Statistical species distribution models (SDMs), which correlate the observed presence/absence or abundance of a species with environmental variables, are increasingly being used to forecast the distributions of species in response to changing climate. Although SDMs have high predictive accuracy when modeling contemporary distributions, many assumptions of the models may be violated when predictions are projected to future climate conditions. In particular, SDMs assume that species are in equilibrium with the environmental conditions that limit their distributions and that their observed distribution adequately represents a species’ fundamental niche. However, even in the absence of biotic limitations to a species’ fundamental niche, its observed distribution will not adequately represent its response to novel climates, i.e. climate conditions beyond the range of our contemporary climate conditions. Late-Quaternary fossil pollen records across North America show that associations of plant taxa with no current analog have occurred. No-analog plant communities were most common between 17000 and 12000 years ago, during periods with higher-than-current annual ranges of temperature and insolation, suggesting that these taxa grew in climates with no contemporary analog. Understanding how species actually respond to novel climates as well as how SDM predictions are affected by novel climates is an important step in more accurately projecting future distributions. Fossil records of species occurrence and abundance from across North America from the past 21000 years and paleoclimate simulations from global climate models were used to examine whether the distribution of taxa along climatic axes varied as climate changed from the late Pleistocene through the Holocene. We built calibration datasets using multiple time slices from the late Pleistocene as a way of building a fuller realization of the fundamental niche for species, and test the SDM predictions by comparing them with observed contemporary species distributions.
Results/Conclusions
We highlight the differences in prediction accuracy among taxa in which the correlations with environmental conditions are more or less conserved to evaluate the effect of novel climates on predictive accuracy.

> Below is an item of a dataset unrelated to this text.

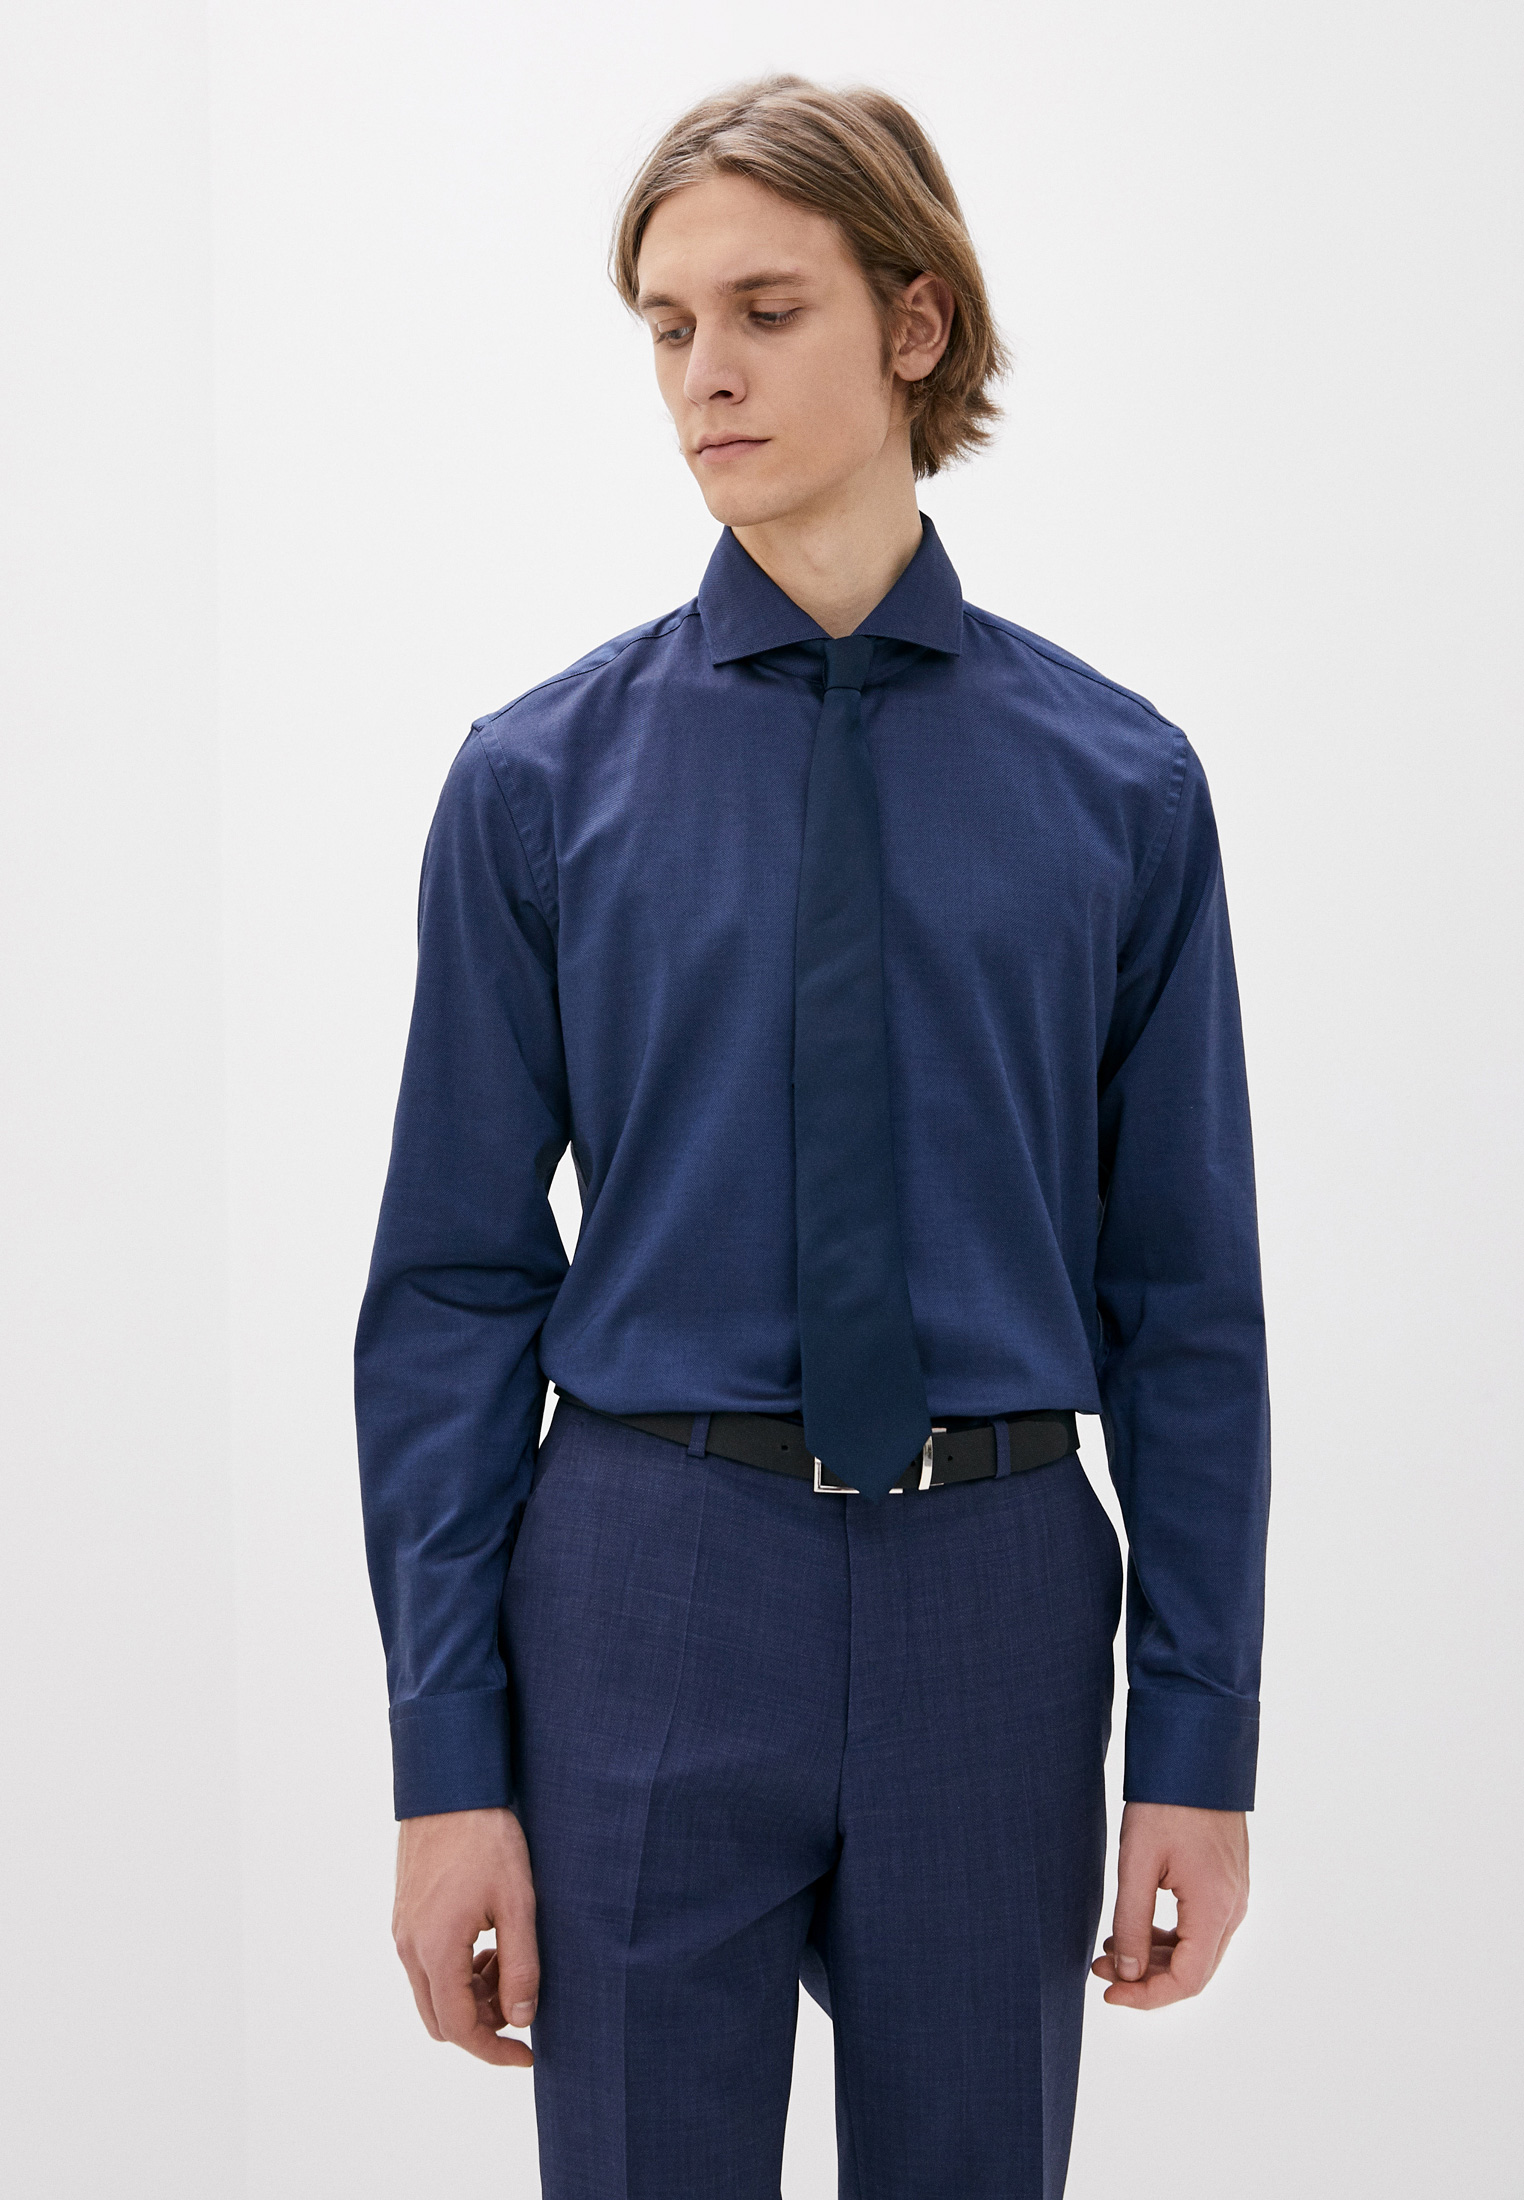 Рубашка Hugo Kason, цвет: синий, MP002XM1RN1O — купить в интернет-магазине Lamoda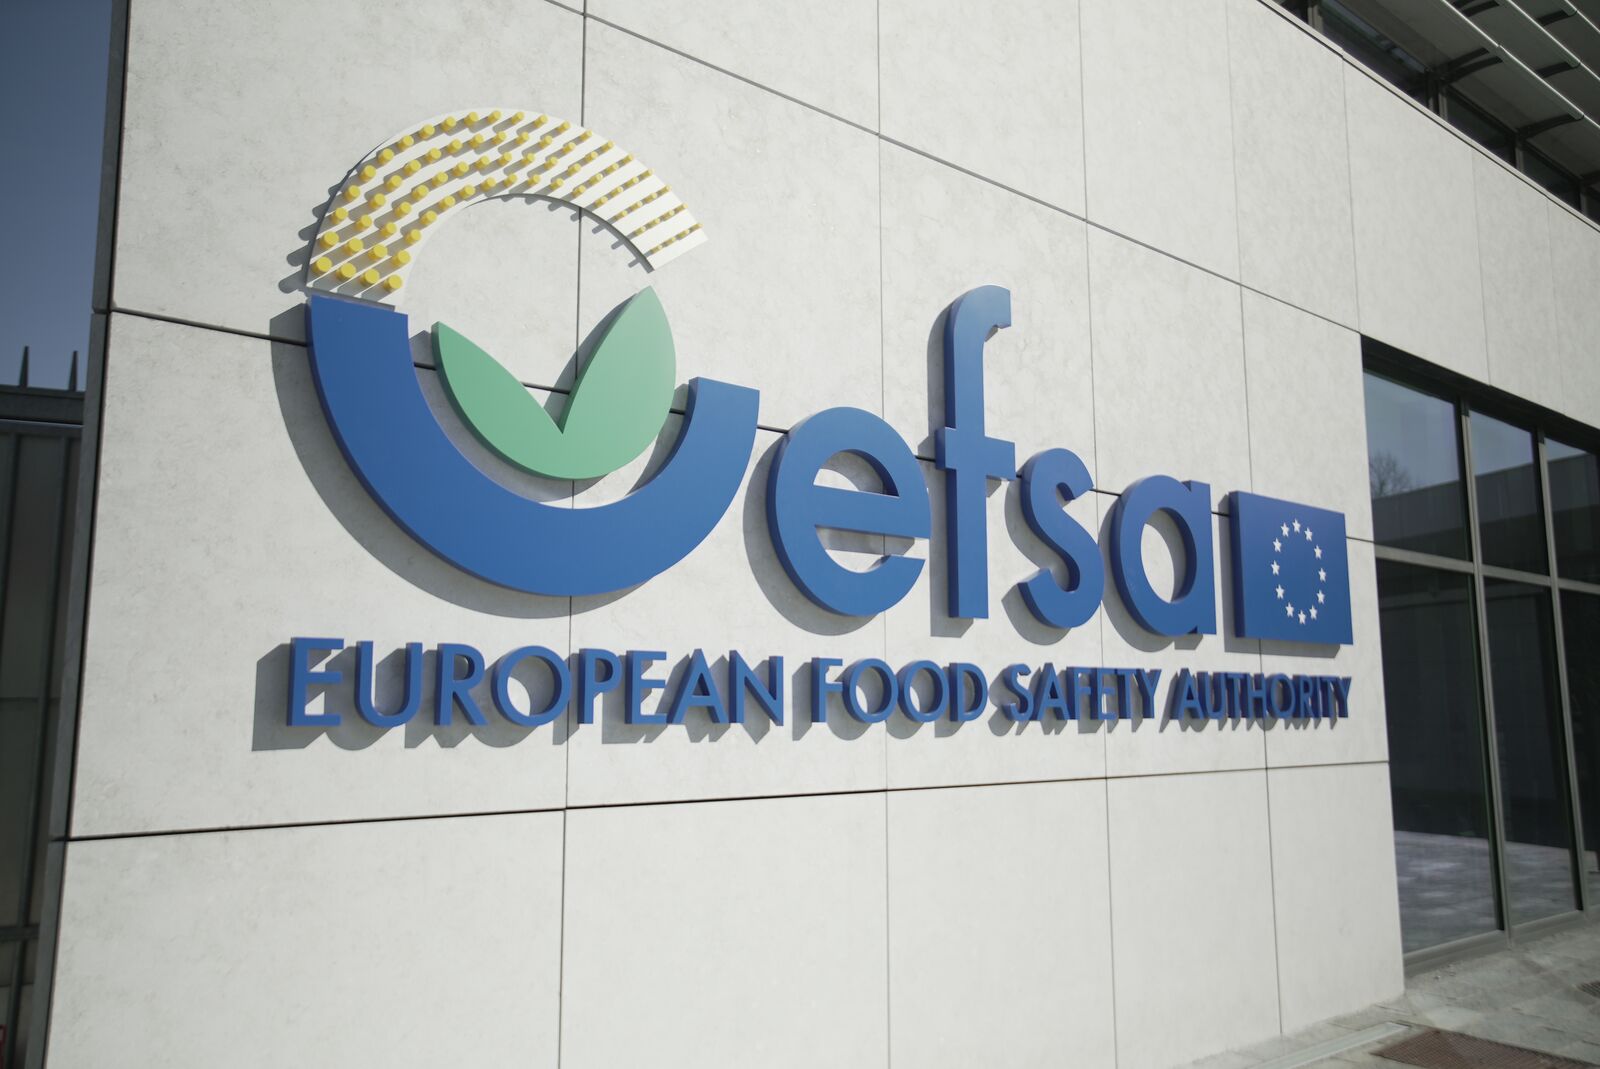 Um das Bewusstsein für Lebensmittelsicherheit weiter auszubauen, adressiert die europäische Behörde für Lebensmittelsicherheit (EFSA) das Thema gemeinsam mit Partnern aus den EU-Ländern in der bereits dritten Ausgabe der Kampagne „#EUChooseSafeFood“. (Foto: EFSA)

We compare the projections to future climate simulations from SDMs calibrated with contemporary data to SDMs calibrated with a composite of data spanning the entire time period of 21000 years ago to examine the sensitivity of future predictions to the range of climate conditions sampled by the calibration data. We show that predictions from models calibrated from contemporary distributions have higher uncertainty than models calibrated from multiple time slices due to poor calibration for novel future climates.